JOIN - AWS Glue DataBrew

JOIN

Performs a join operation on two datasets.

Parameters
  • joinKeys — A JSON-encoded string representing a list of columns from each dataset to act as join keys.

  • joinType — The type of join to perform.
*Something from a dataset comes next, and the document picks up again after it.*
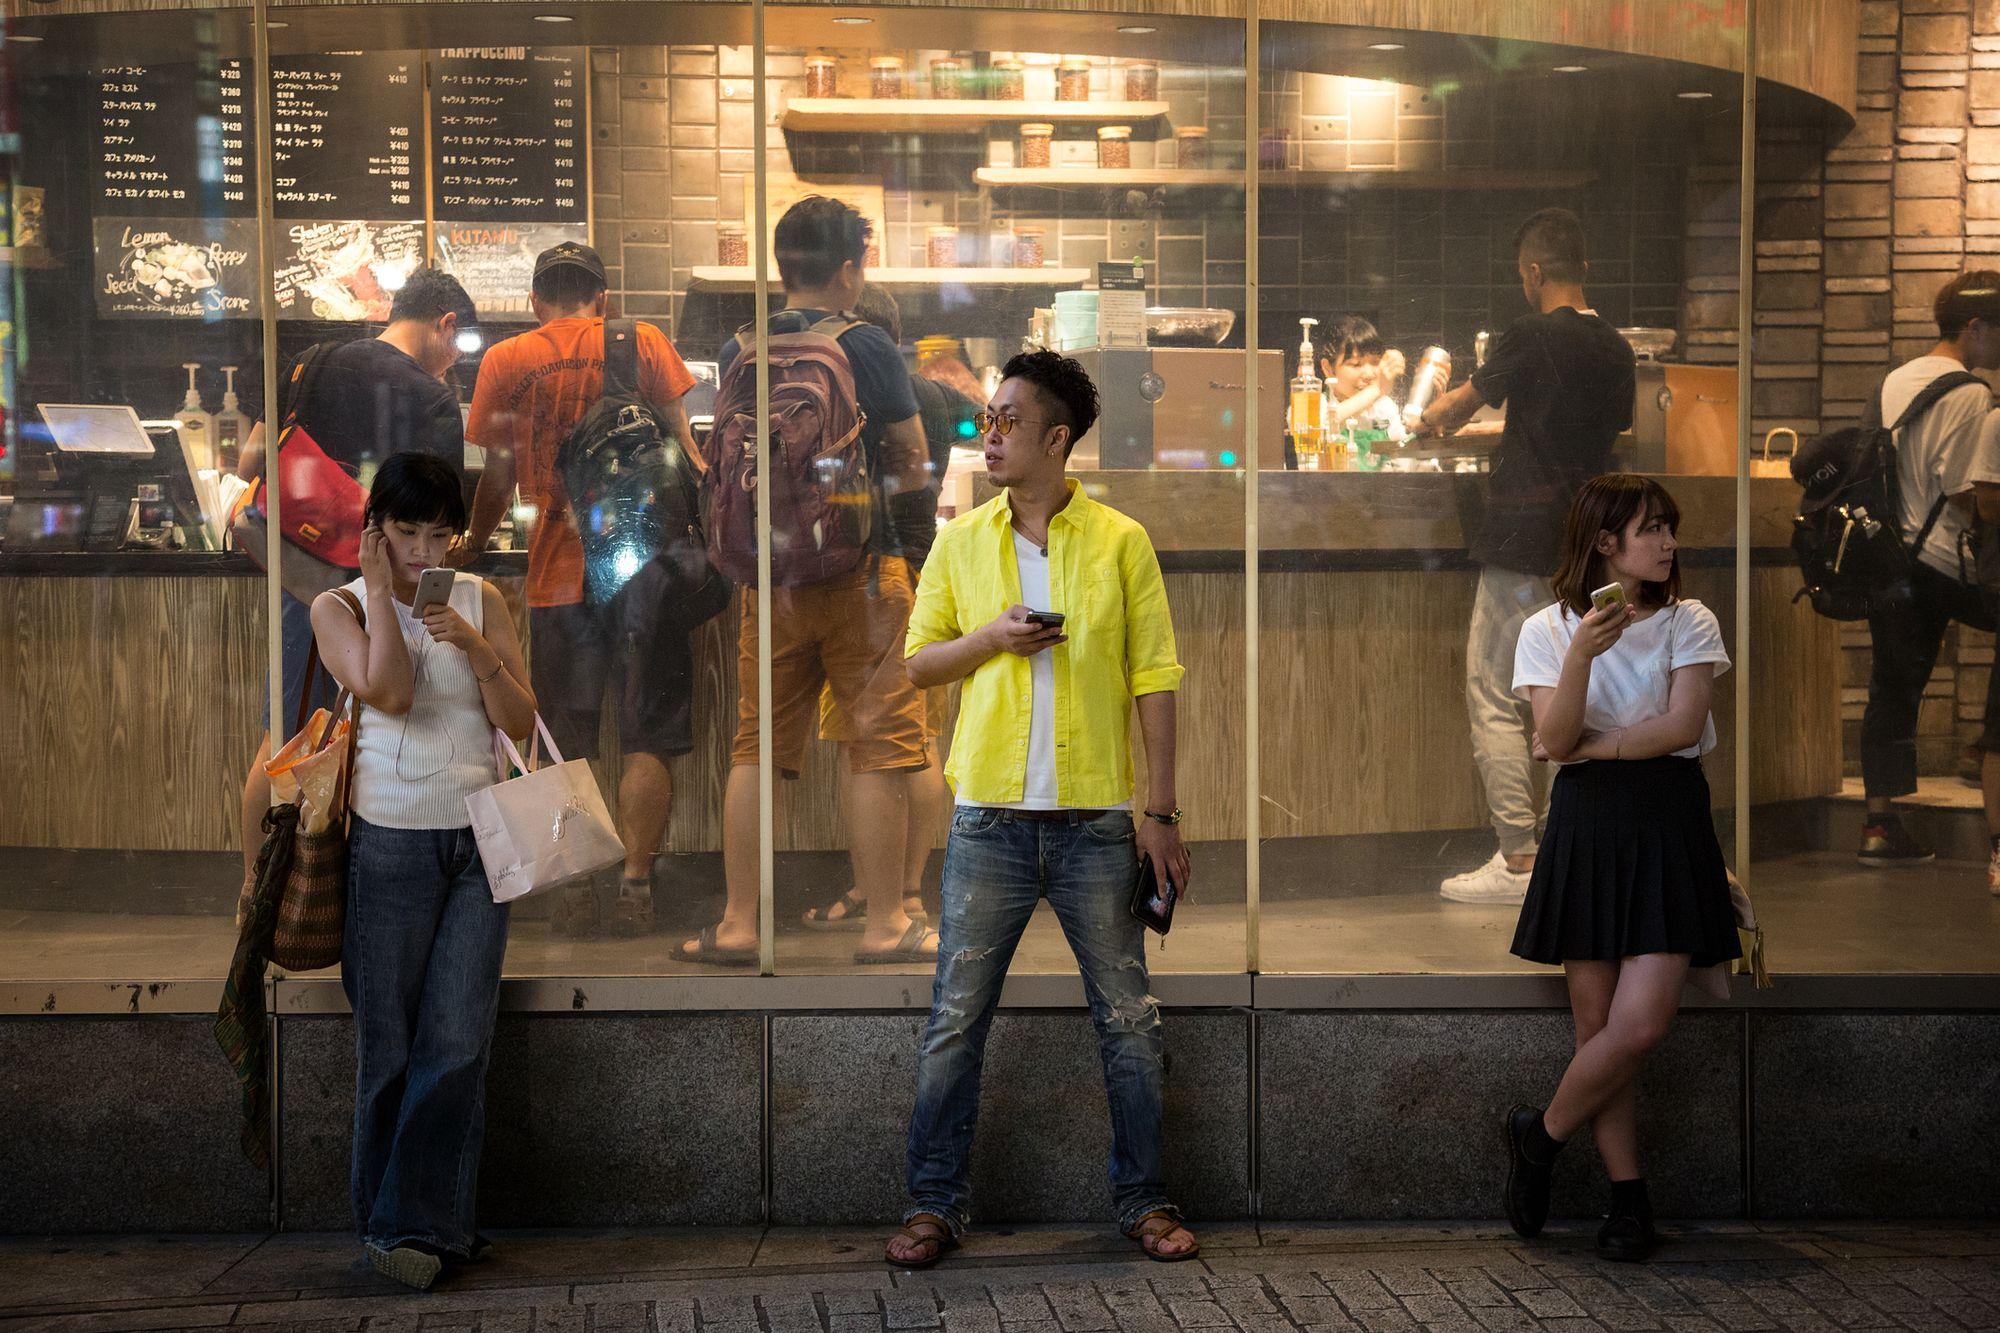 Jovem em Shibuya, Tóquio, Japão. Foto: Rixipix via iStock

Must be one of: INNER_JOIN | LEFT_JOIN | RIGHT_JOIN | OUTER_JOIN | LEFT_EXCLUDING_JOIN | RIGHT_EXCLUDING_JOIN | OUTER_EXCLUDING_JOIN

  • leftColumns — A JSON-encoded string representing a list of columns from the current active dataset.
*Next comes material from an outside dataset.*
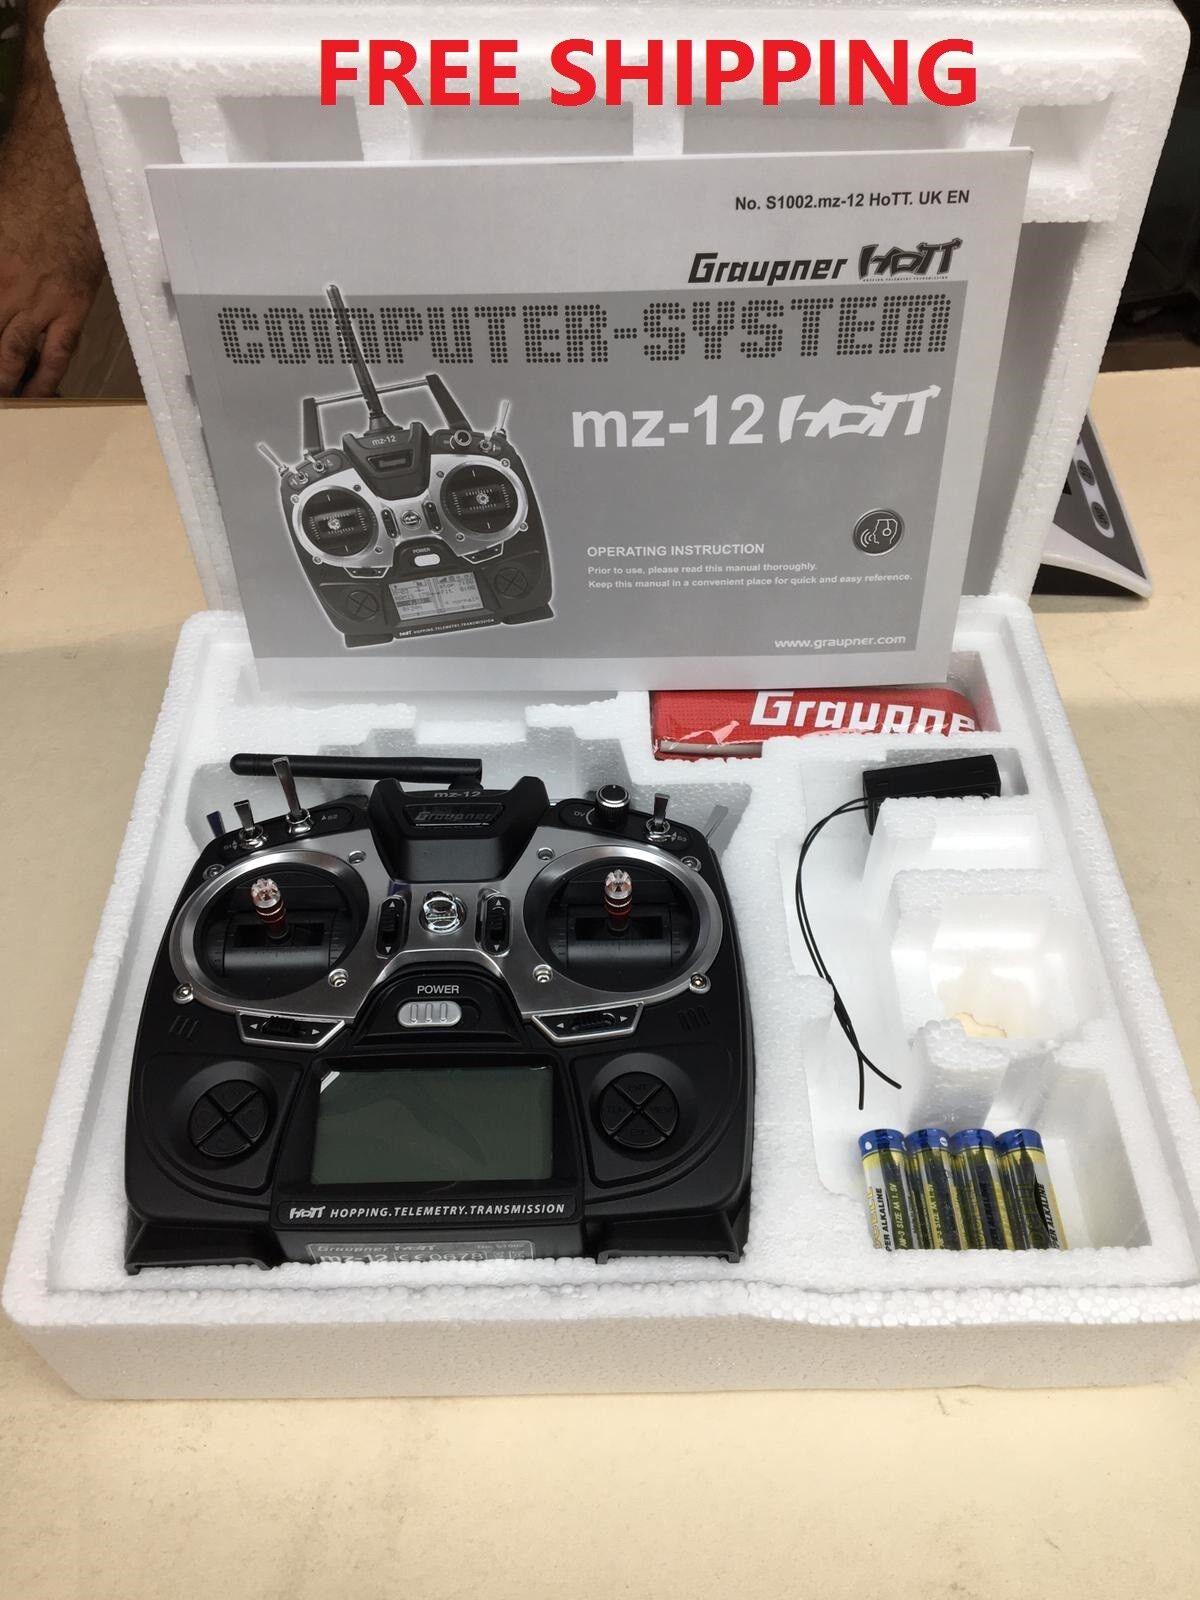 grispner Radio Control mz-12 HoTT 6 canales & Receptor 2.4GHz  Envío Gratis

  • rightColumns — A JSON-encoded string representing a list of columns from another (secondary) dataset to join to the current one.

  • secondInputLocation — An Amazon S3 URL that resolves to the data file for the secondary dataset.

  • secondaryDatasetName — The name of the secondary dataset.

Example

{ "Action": { "Operation": "JOIN", "Parameters": { "joinKeys": "[{\"key\":\"assembly_session\",\"value\":\"assembly_session\"},{\"key\":\"state_code\",\"value\":\"state_code\"}]", "joinType": "INNER_JOIN", "leftColumns": "[\"year\",\"assembly_session\",\"state_code\",\"state_name\",\"all_votes\",\"yes_votes\",\"no_votes\",\"abstain\",\"idealpoint_estimate\",\"affinityscore_usa\",\"affinityscore_russia\",\"affinityscore_china\",\"affinityscore_india\",\"affinityscore_brazil\",\"affinityscore_israel\"]", "rightColumns": "[\"assembly_session\",\"vote_id\",\"resolution\",\"state_code\",\"state_name\",\"member\",\"vote\"]", "secondInputLocation": "s3://databrew-public-datasets-us-east-1/votes.csv", "secondaryDatasetName": "votes" } } }